I think already finished most of the work, the encoder should support all features of mp2 except intensity stereo (and dual channel is just like stereo, just a flag in the header is different).
Now I have to test if my modified allocation code causes any problems. That´s the biggest difference between Musepack and MP2: Musepack can allocate yust as many bits for every subband how the encoder thinks it´s best.
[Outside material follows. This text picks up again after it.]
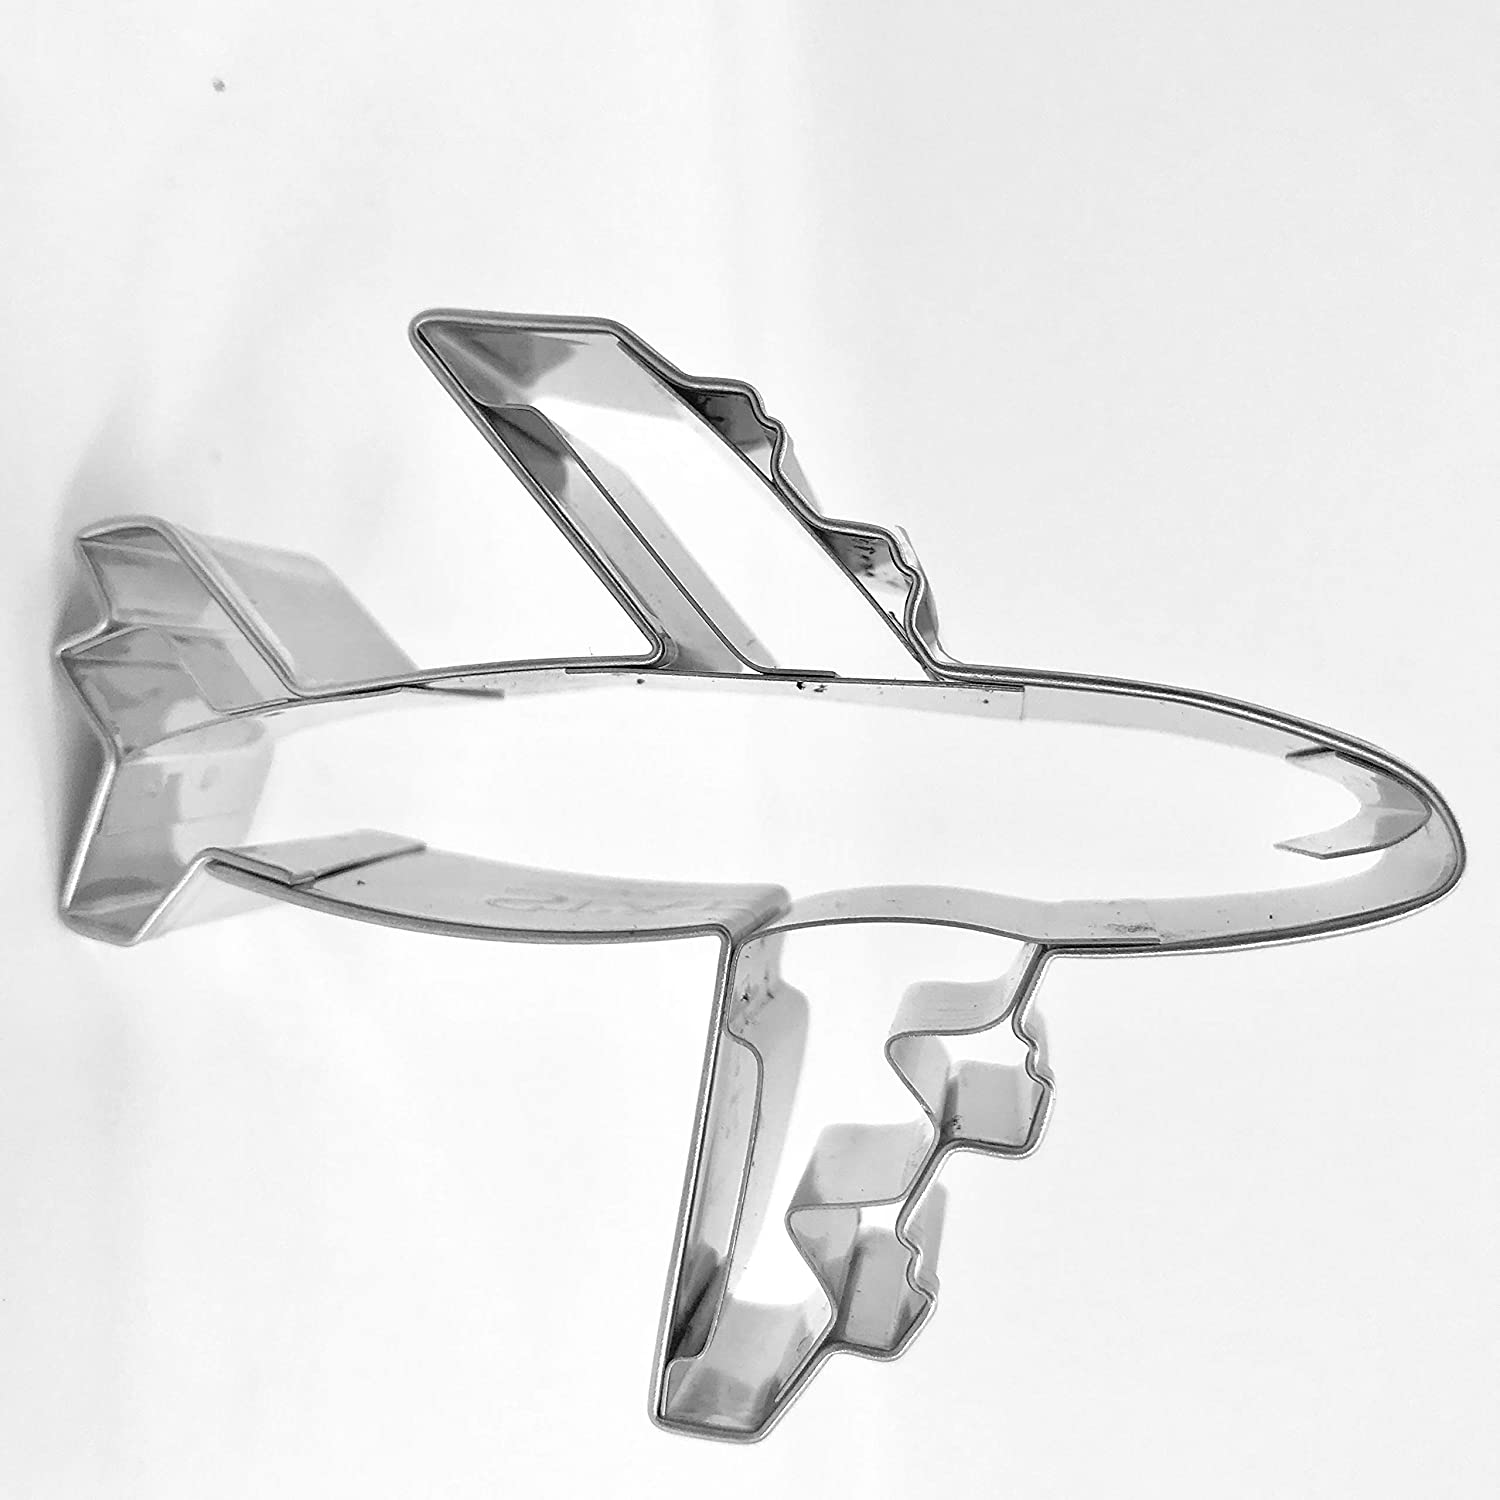 Staedter Städter ST083035 Tin Airplane Cookie Cutter Approximately 6 cm

In MP2 there are not only fixed frame sizes, but also allocation tables that doesn´t allow all quantizers for all subbands.
The way I did it: Musepack allocation increases the Resolution of each subband until the Mask-To-Noise-Ratio (MNR) is smaller than 1.
For MP2 I added:
-Increase all resolutions until there are codeable by MP2 (new MNRs for changed subbands)
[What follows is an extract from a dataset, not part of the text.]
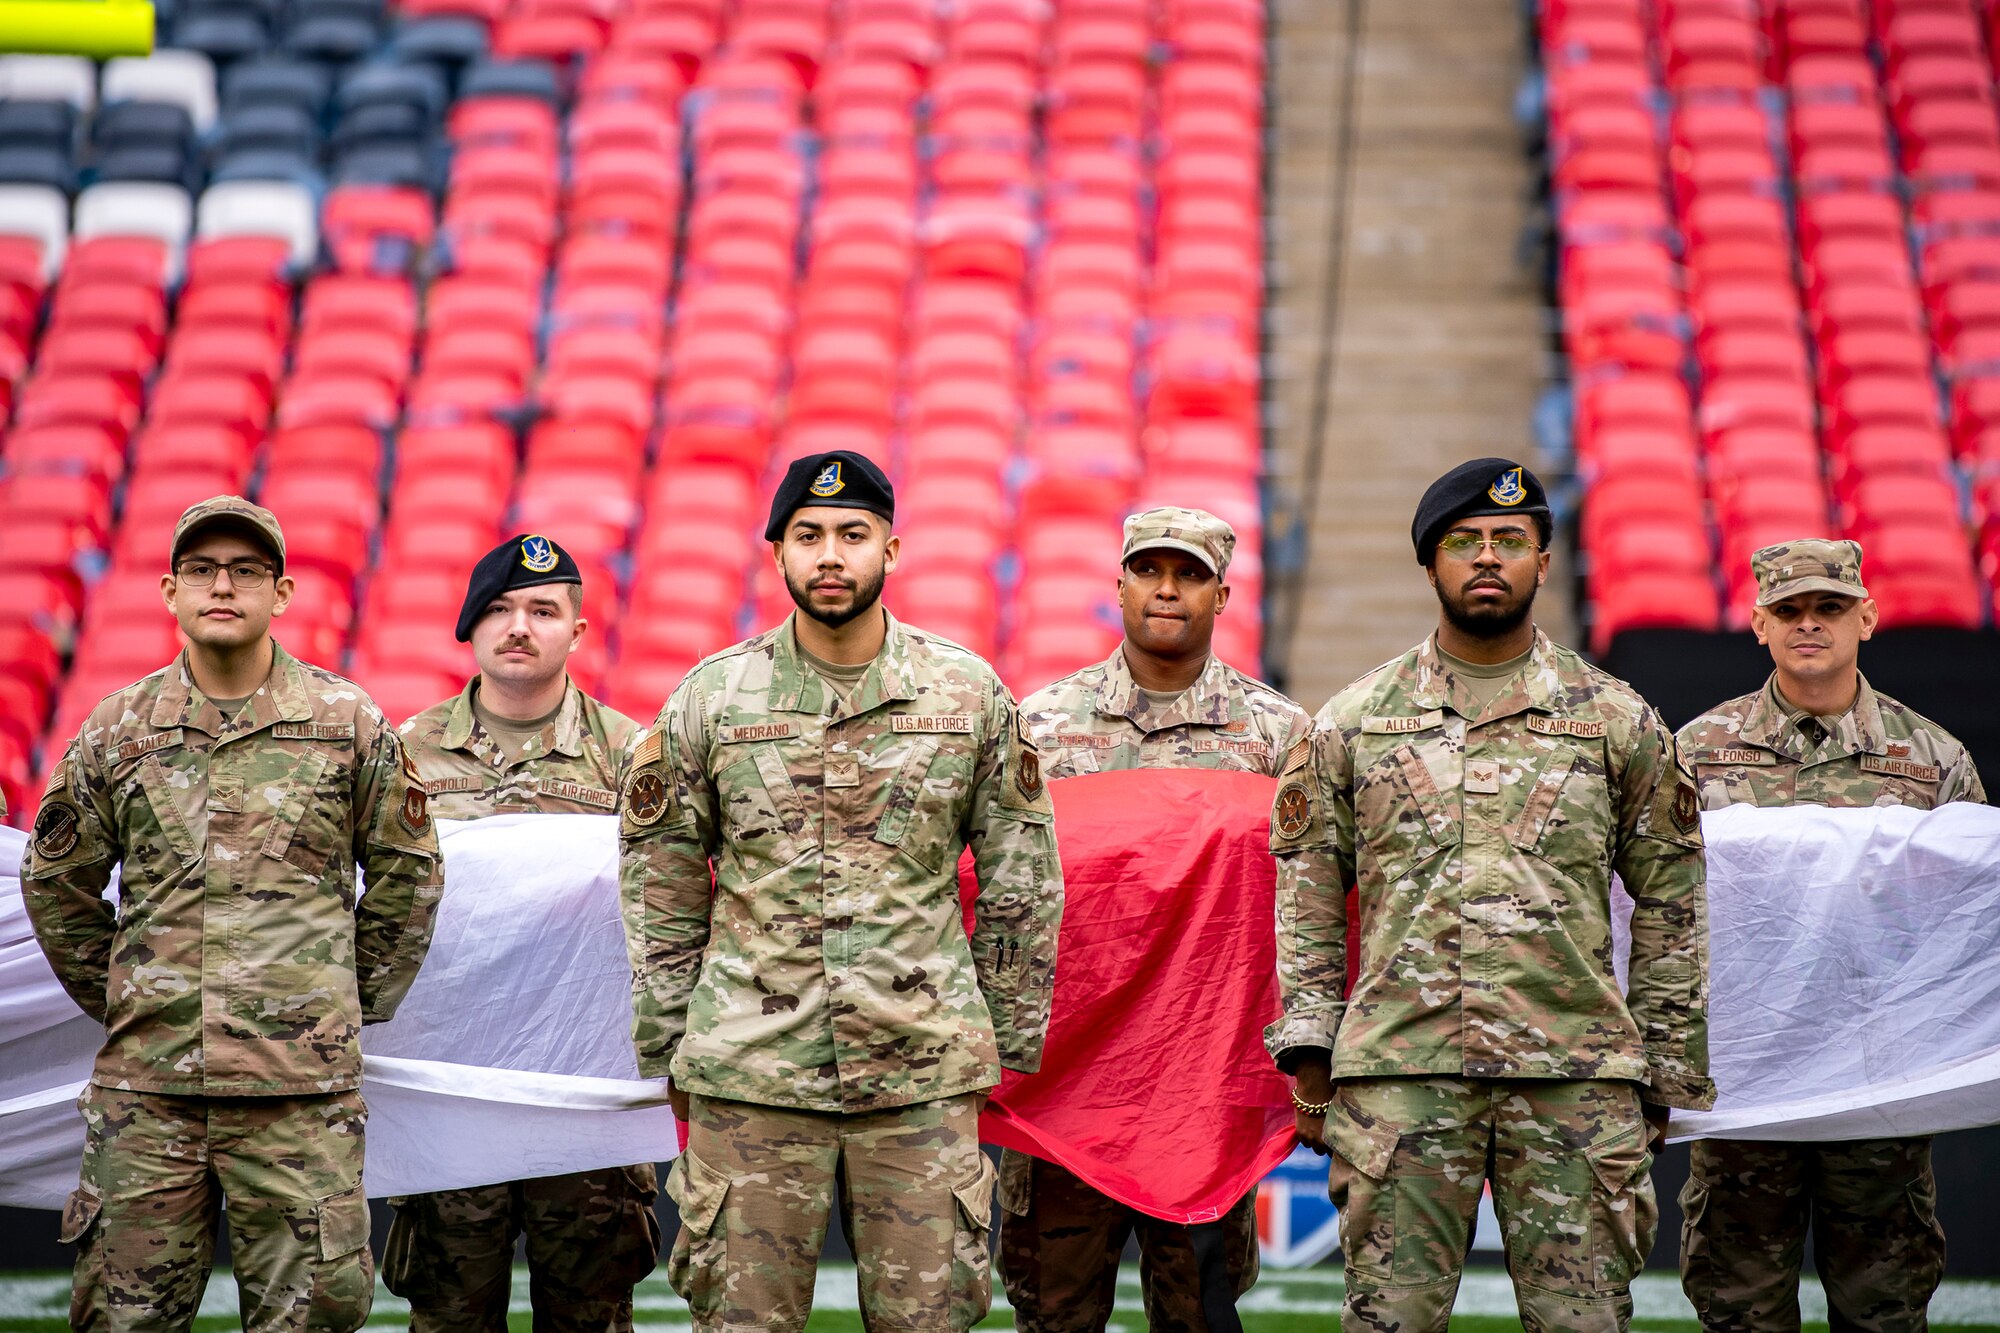 Airmen from the  501st Combat Support Wing stand at attention during a national anthem rehearsal at Wembley Stadium, in London, England, Oct. 30, 2022. Approximately 70 uniformed personnel represented the U.S. Air Force and nation by unveiling an American flag during the pre-game ceremonies of the Jacksonville Jaguars and Denver Broncos NFL game. (U.S. Air Force photo by Staff Sgt. Eugene Oliver)

-If VBR: Find mininum frame size that allows coding these resolutions
-Decrease resolution of all subbands one (codeable) step until audio fits into frame (for VBR that only happens if maximum bitrate is reached)
-Calculate new MNRs
-Increase resolution of subband with highest MNR and calculate new MNR in a loop until frame is completly filled.
Any better ideas?
When lowering resolution, can you lower critical band(s) last or not at all?
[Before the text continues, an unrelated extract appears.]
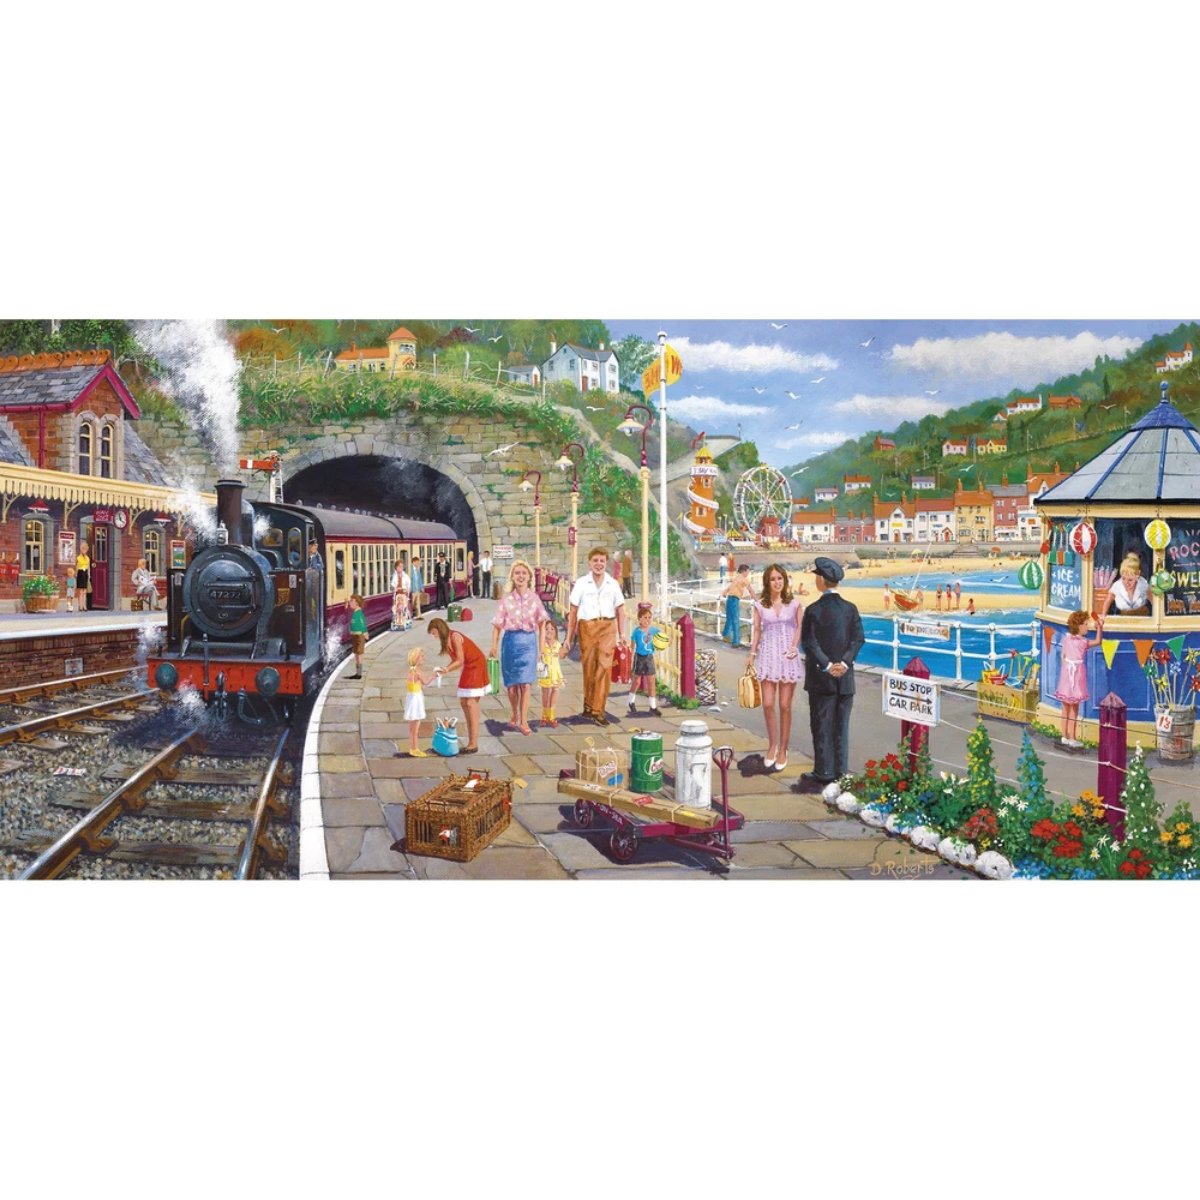 Gibsons Seaside Train Jigsaw Puzzle (636 Pieces)

The Musepack Psy-Model decides what bands are critical.
Instead of reducing one single band I reduce all bands. The idea is, that if for example band X might have the lowest MNR of all, therefore I decreased it, but after decreasing the MNR increased dramatically, while decreasing the resolution of band Y with higher MNR would have increased the MNR of that band just a little.
Therefore I decrease all bands and then increase always the one with highest MNR until the frame is filled. The idea is that the highest MNR of all bands should be as low as possible, rather than that the average MNR should be as low as possible. Of course if frame is not overfull in the first place the decreasing step is skipped. To get the highest quality, the PsyModel should be set to a value that comes closest to the mp2 bitrate. I need to to some further testing, but musepack standard (5.0) should go with about 256kbps. That means most of the frames will only be increased, but still 1/3 has to be decreased (depends of course on the sample, but average for some music I tested). Of course the encoder will offer the same parameters to control the PsyModel like Musepack.
The allocation algorithm treats all bands the same, but the PsyModel calculates the values to get the MNR. The MNR is also calculated different for transient and non-transient bands (the PsyModel also finds out what bands are transient bands).
Something completely non-technical: Any idea how I should name that encoder, mp2enc or similar doesn´t sound like a completely new mp2 encoder. I asked the Musepack team, they do not want the encoder named in a way that resembles Musepack.